◆ YOUR GOAL: Only one span is wanted from the lines below: from the one with "vecteur de modèle" up to and including the one with "다랑이 논을 연상하게 하는 차밭. 우레시노는 일본에서도 유명한 차 생산지다.". Copy it exactly, without images.

◆ EXERCISE MATERIALS:

────────

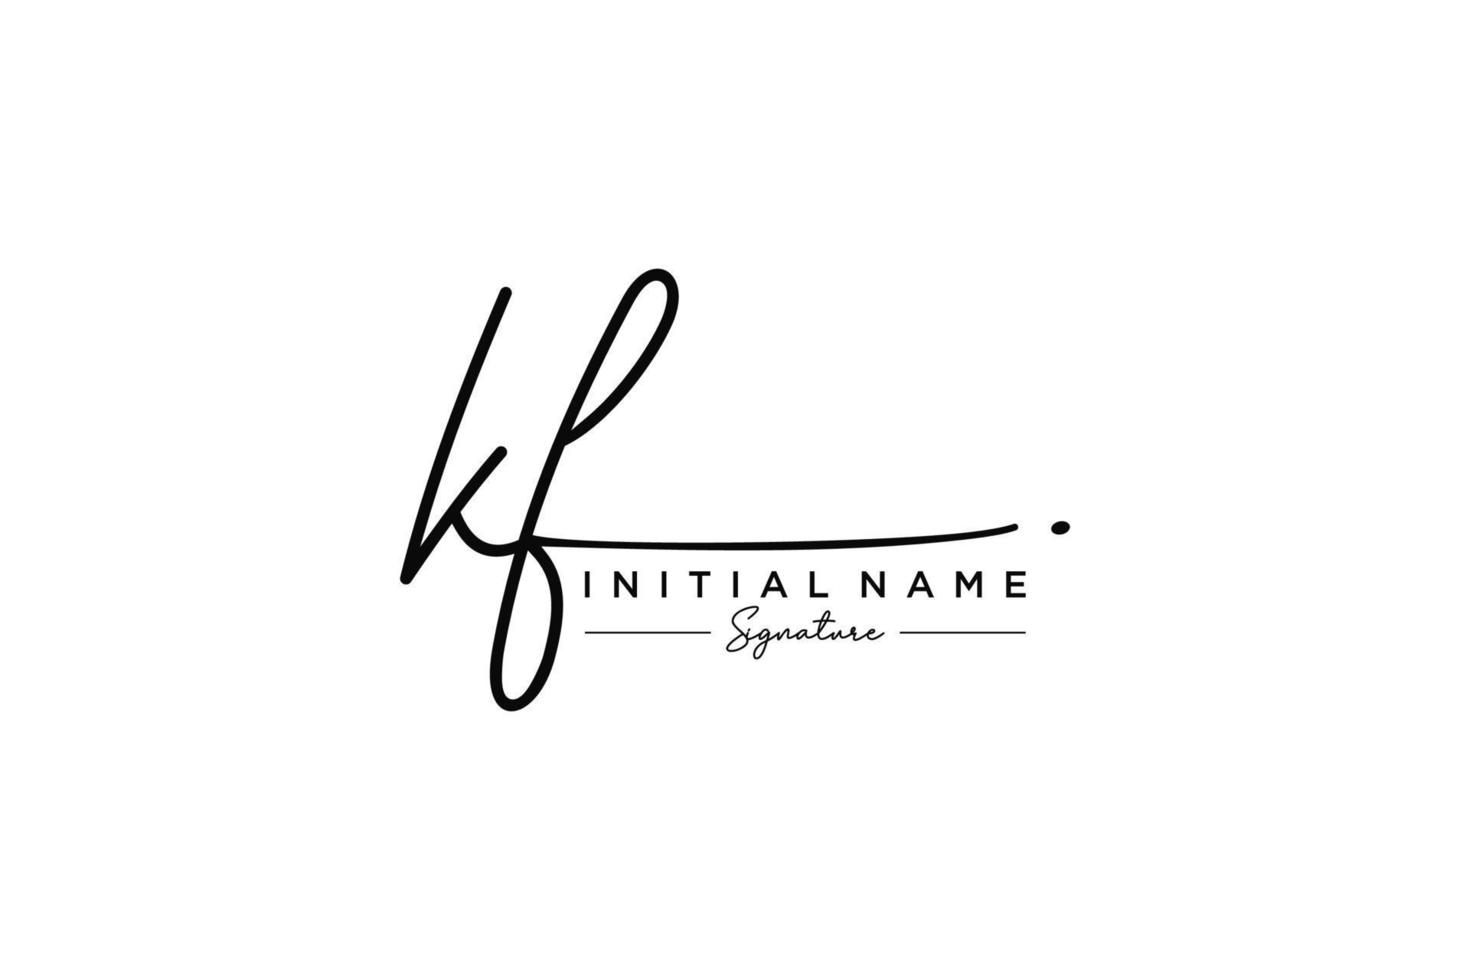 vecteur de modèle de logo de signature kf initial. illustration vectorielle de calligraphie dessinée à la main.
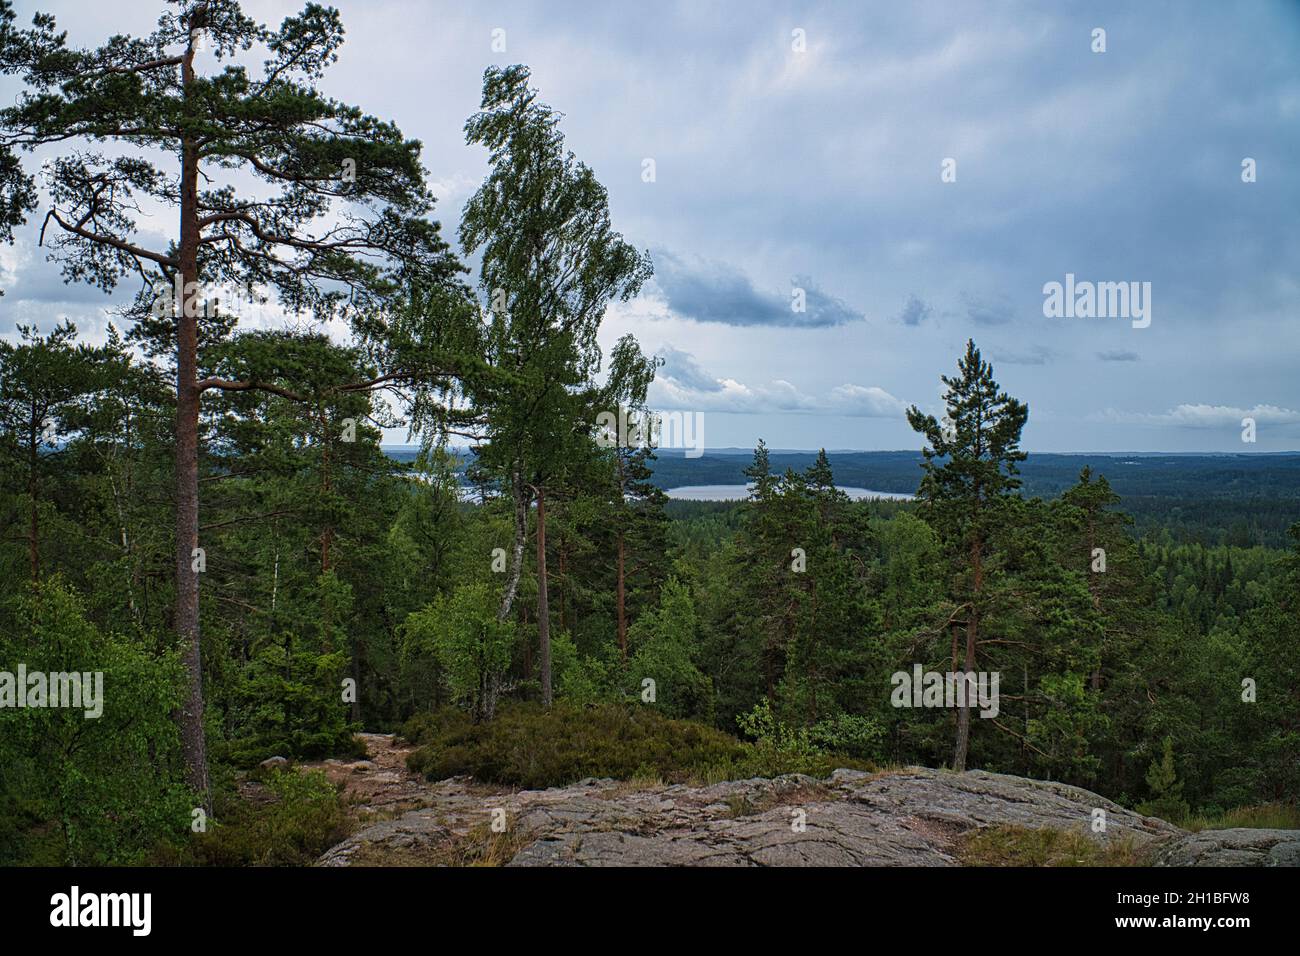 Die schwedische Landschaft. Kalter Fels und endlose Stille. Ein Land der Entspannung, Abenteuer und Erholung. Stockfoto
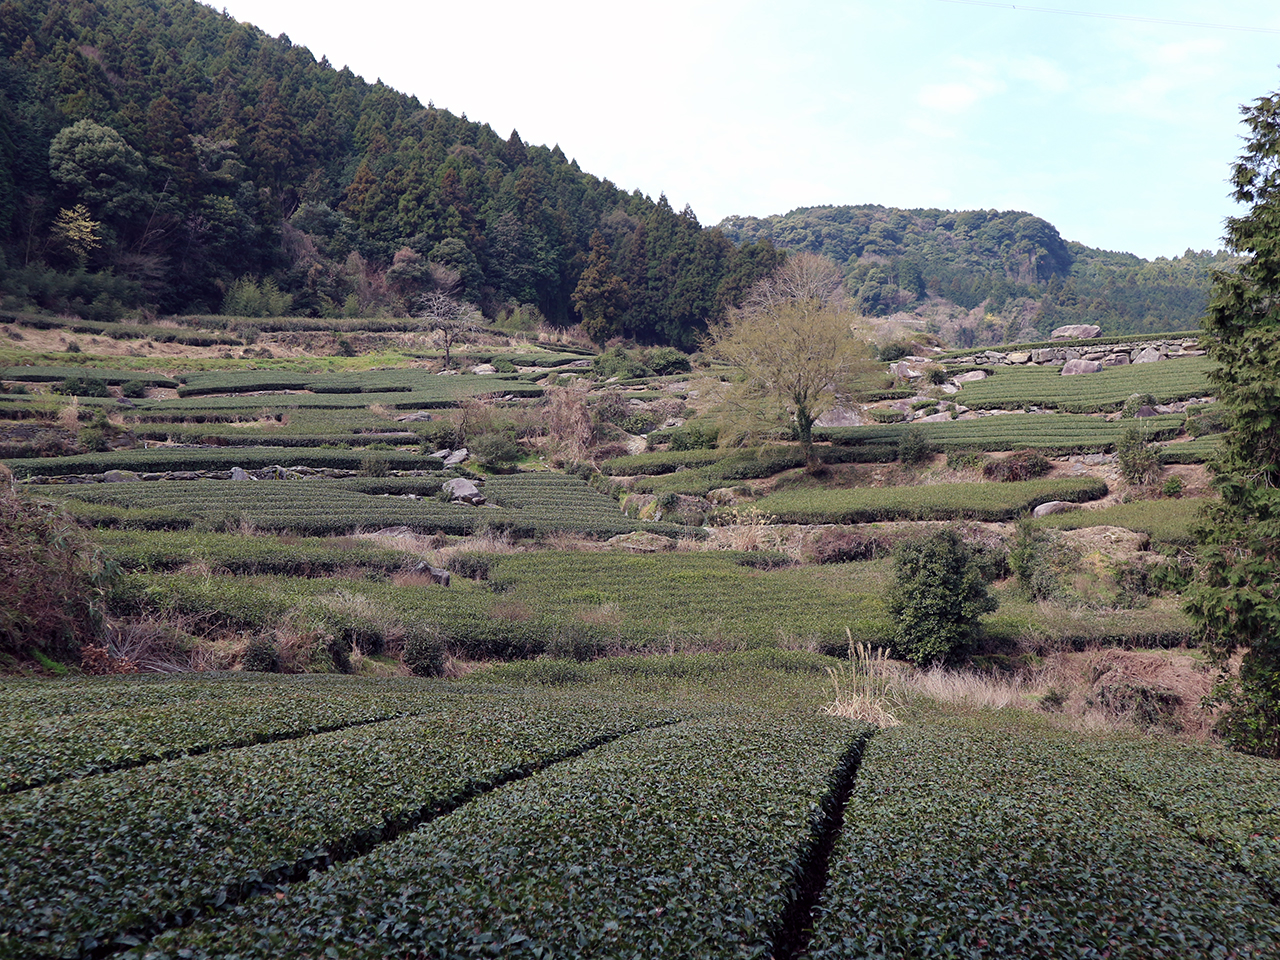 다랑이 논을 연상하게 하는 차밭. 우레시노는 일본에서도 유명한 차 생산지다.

────────

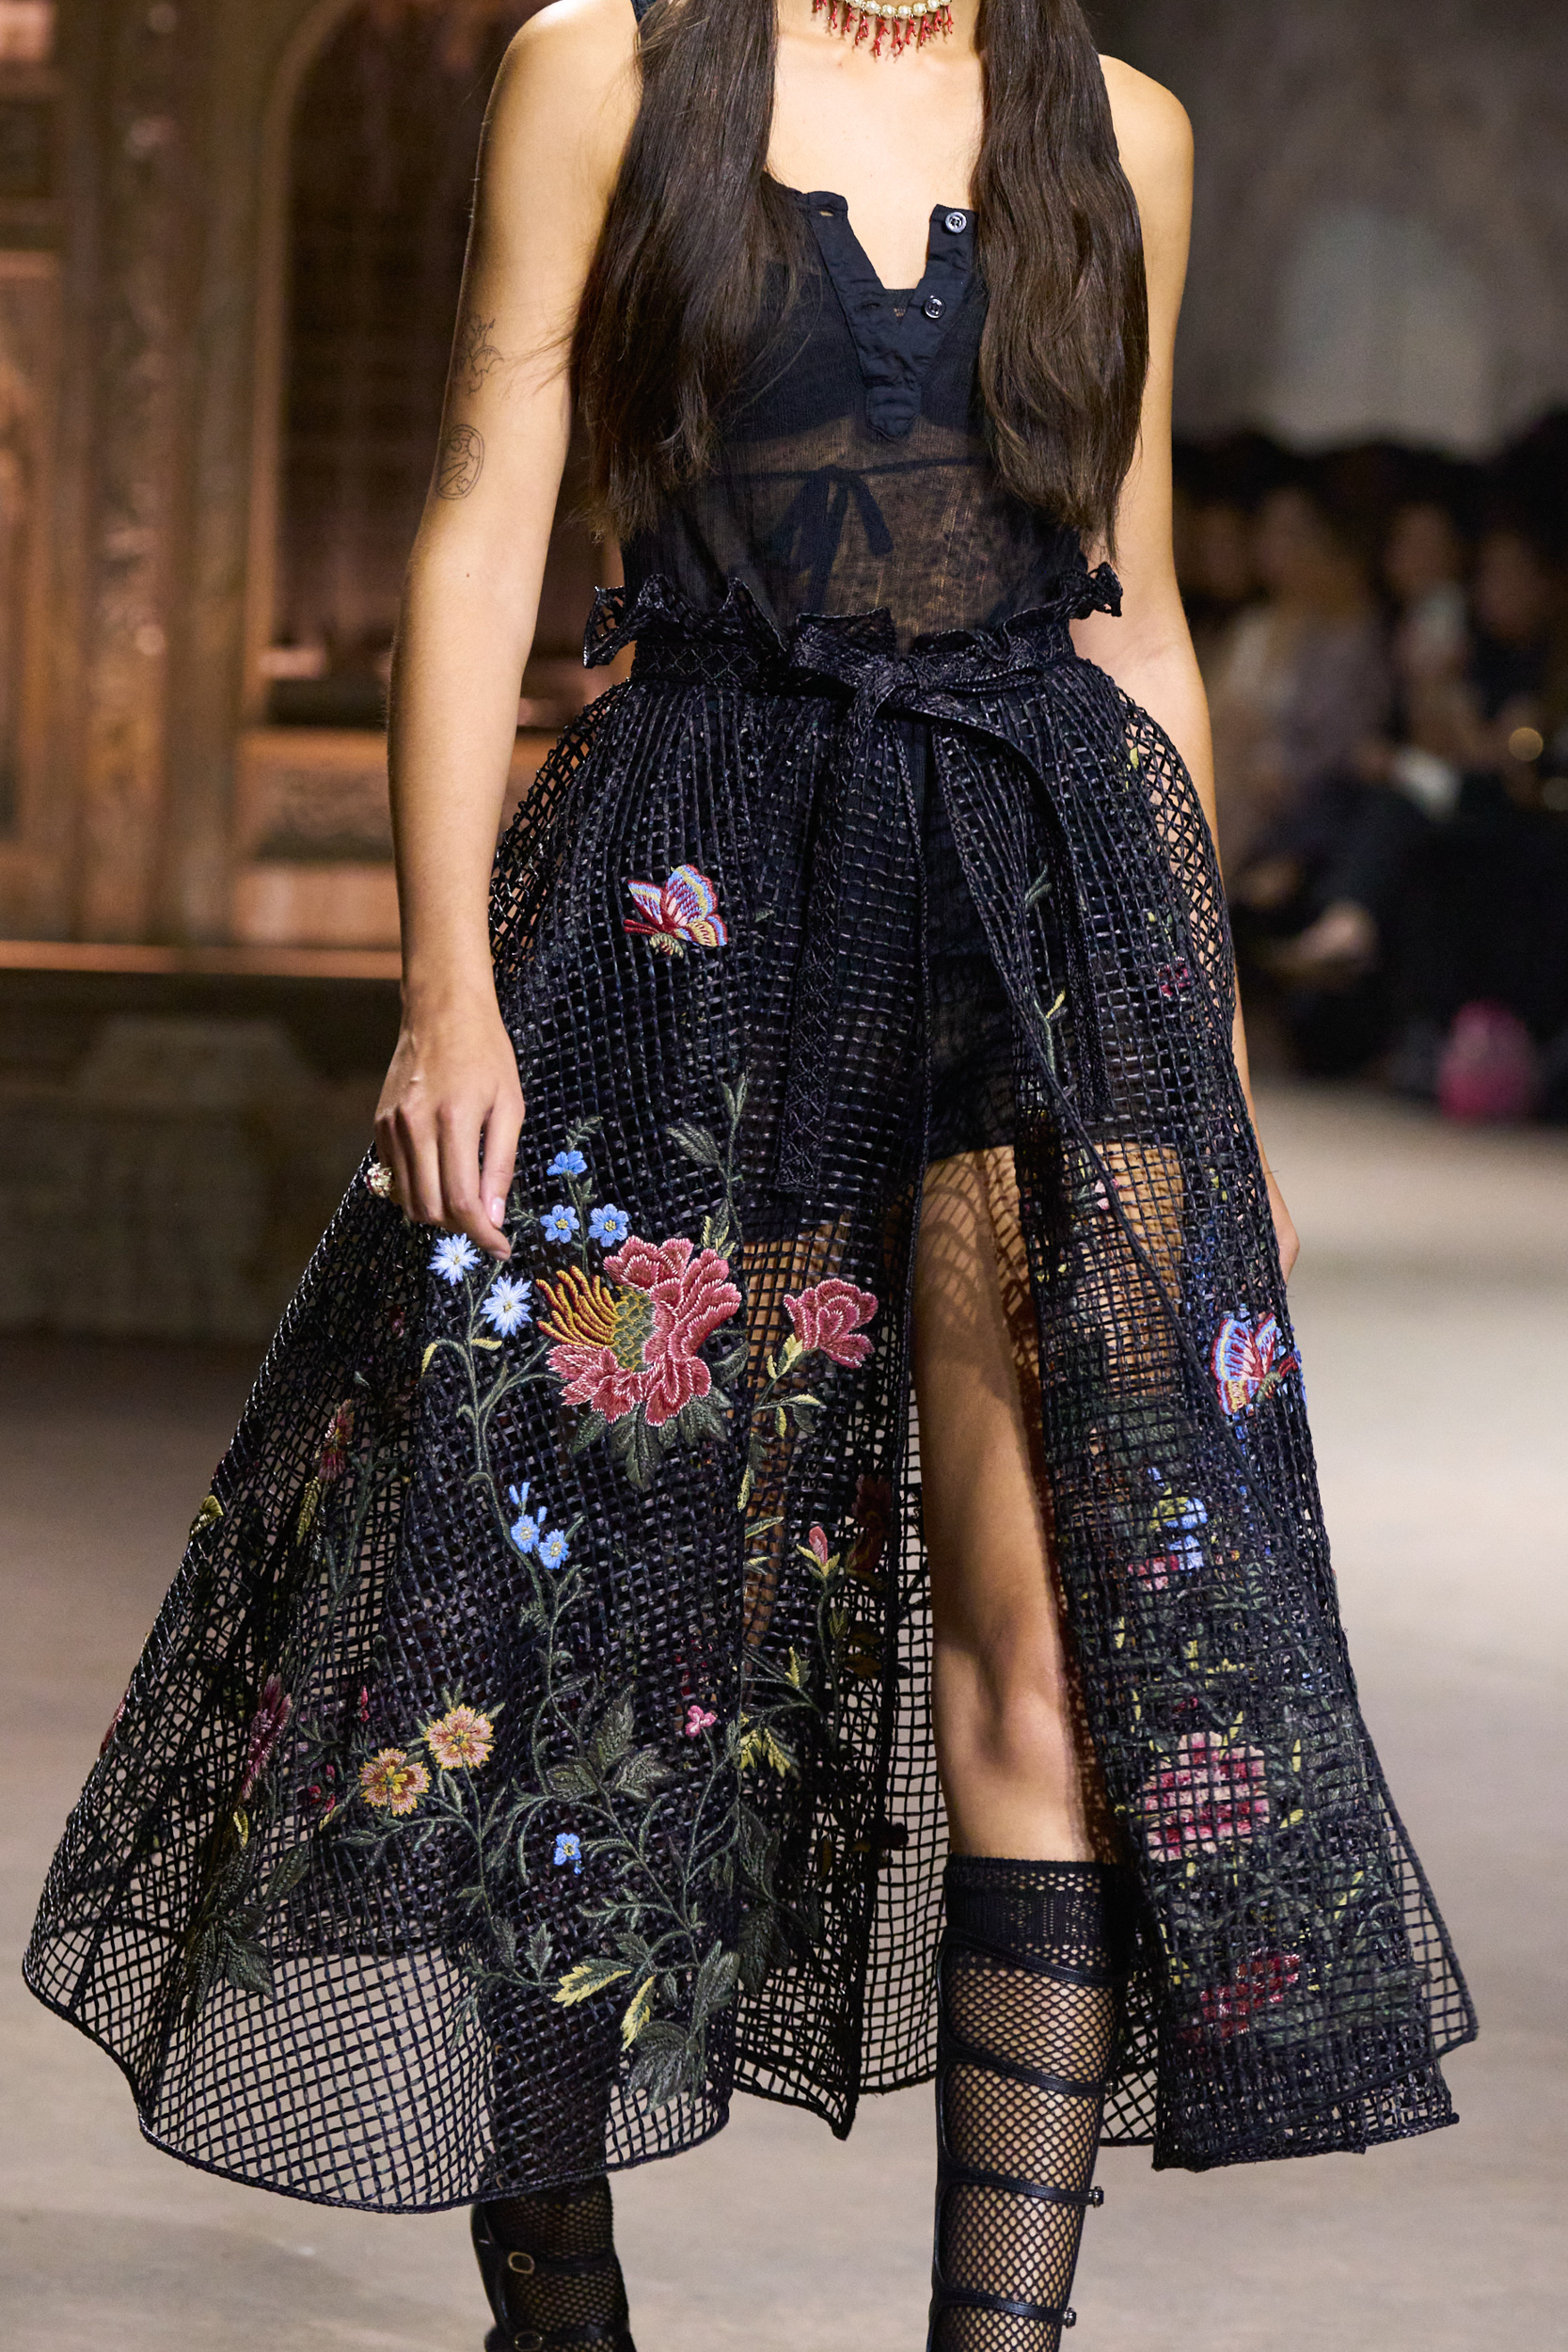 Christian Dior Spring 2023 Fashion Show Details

────────

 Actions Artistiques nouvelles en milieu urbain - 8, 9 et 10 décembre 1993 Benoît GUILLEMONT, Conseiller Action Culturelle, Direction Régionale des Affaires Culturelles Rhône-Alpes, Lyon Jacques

────────

◆ SOLUTION TO THIS PROBLEM:
 vecteur de modèle de logo de signature kf initial. illustration vectorielle de calligraphie dessinée à la main.
 Die schwedische Landschaft. Kalter Fels und endlose Stille. Ein Land der Entspannung, Abenteuer und Erholung. Stockfoto
 다랑이 논을 연상하게 하는 차밭. 우레시노는 일본에서도 유명한 차 생산지다.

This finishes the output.